– Вот здесь сидел Лев Николаевич Толстой, когда приезжал к Антону Павловичу в гости. Но кроме него, сидели многие: Бунин и Вересаев, Куприн, Шаляпин, и Художественного театра актеры приезжали к нему репетировать.
В кабинете у Чехова много фотографий. Они прикрыты кисеей. Тут Станиславский и Шаляпин, Комиссаржевская и др.
Какое-то расписное деревянное блюдо, купленное Чеховым на ярмарке на Украине. Блюдо, за которое над Чеховым все домашние смеялись, – вещь никому не нужная.
С карточки на стене глядит один из братьев Чехова, задумчиво возвел взор к небу. Подпись:
«И у журавлей, поди, бывают семейные неприятности… Кра…»
Верхние стекла в трехстворчатом окне цветные: от этого в комнате мягкий и странный свет. В нише, за письменным столом, белоснежный диван, над диваном картина Левитана: зелень и речка – русская природа, густое масло. Грусть и тишина.
И сам Левитан рядом.
При выходе из ниши письменный стол. На нем в скупом немецком порядке карандаши и перья, докторский молоток и почтовые пакеты, которые Чехов не успел уже вскрыть. Они пришли в мае 1904 г., и в мае он уехал за границу умирать.
– В особенности донимали Антона Павловича начинающие писатели. Приедет, читает, а потом спрашивает: «Ну как вы находите, Антон Павлович?»
А тот был очень деликатный, совестился сказать, что ерунда. Язык у него не поворачивался. И всем говорил: «Да ничего, хорошо… Работайте». Не то что Шаляпин, тот прямо так и бухал каждому: «Никакого у вас голоса нет, и артистом вы быть не можете!»
В спальне на столике порошок фенацетина – не успел его принять Чехов, – и его рукой написано «phenal!» – и слово оборвано.
Здесь свечи под зеленым колпаком, и стоит толстый красный шкаф – мать подарила Чехову. Его в семье называли насмешливо «наш многоуважаемый шкаф», а потом он стал «многоуважаемый» в «Вишневом саду».
На автомобиле до Севастополя
Если придется ехать на автомобиле из Ялты в Севастополь, да сохранит вас небо от каких-либо машин, кроме машин Крымкурсо. Я пожелал сэкономить два рубля и «сэкономил». Обратился в какую-то артель шоферов. У Крымкурсо место до Севастополя стоит 10 руб., а у этих 8.
Бойкая личность в конторе артели, личность лысая и европейски вежливая, в грязнейшей сорочке, сказала, что в машине поедет пять человек. Когда утром на другой день подали эту машину – я ахнул. Сказать, какой это фирмы машина, не может ни один специалист, ибо в ней не было двух частей с одной и той же фабрики, ибо все были с разных. Правое колесо было «мерседеса» (переднее), два задних были «пеуса», мотор фордовский, кузов черт знает какой! Вероятно, просто русский. Вместо резиновых камер – какая-то рвань.

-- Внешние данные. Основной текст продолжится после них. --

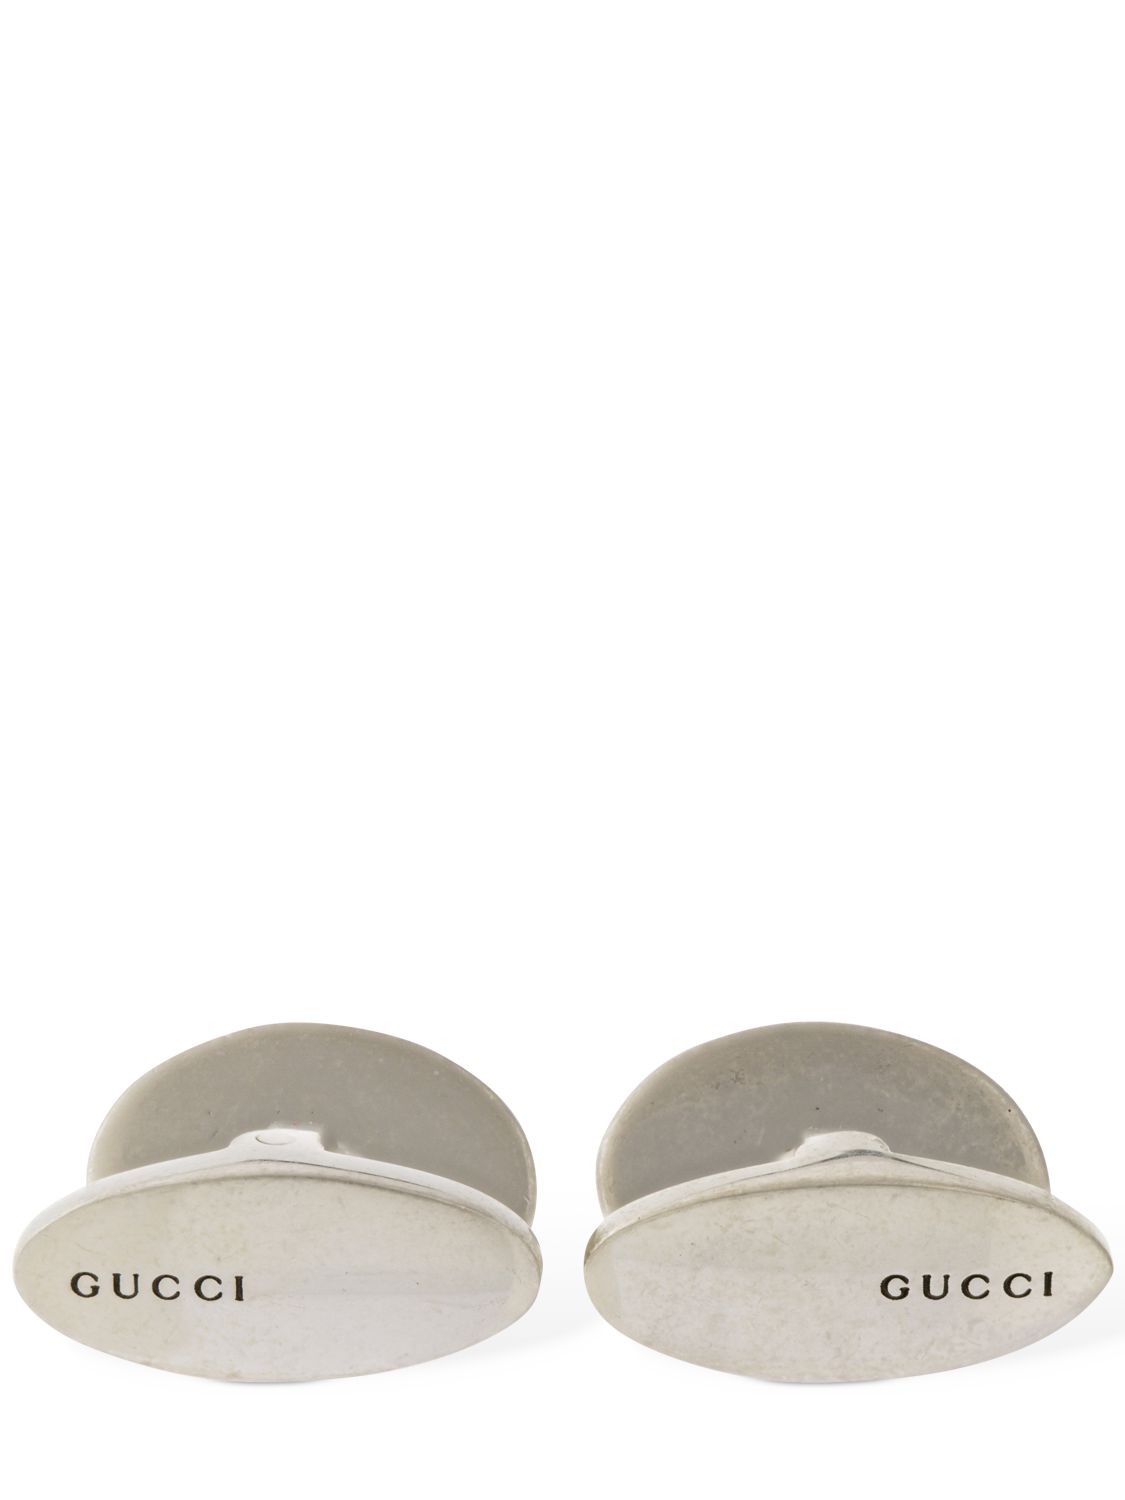  Gucci Interlocking G Enamel Cufflinks

Все это громыхало, свистело, и передние колеса ехали не просто вперед, а «разъезжались», как пьяные.
И протестовать поздно, и протестовать бесполезно.
Можно на севастопольский поезд опоздать, другую машину искать негде.
Шофер нагло, упорно и мрачно улыбается и уверяет, что это лучшая машина в Крыму по своей быстроходности.
Кроме того, поехали, конечно, не пять, а 11 человек: 8 пассажиров с багажом и три шофера – двое действующих и третий – бойкое существо в синей блузе, кажется, «автор» этой первой по быстроходности машины, в полном смысле слова «интернациональной». И мы понеслись.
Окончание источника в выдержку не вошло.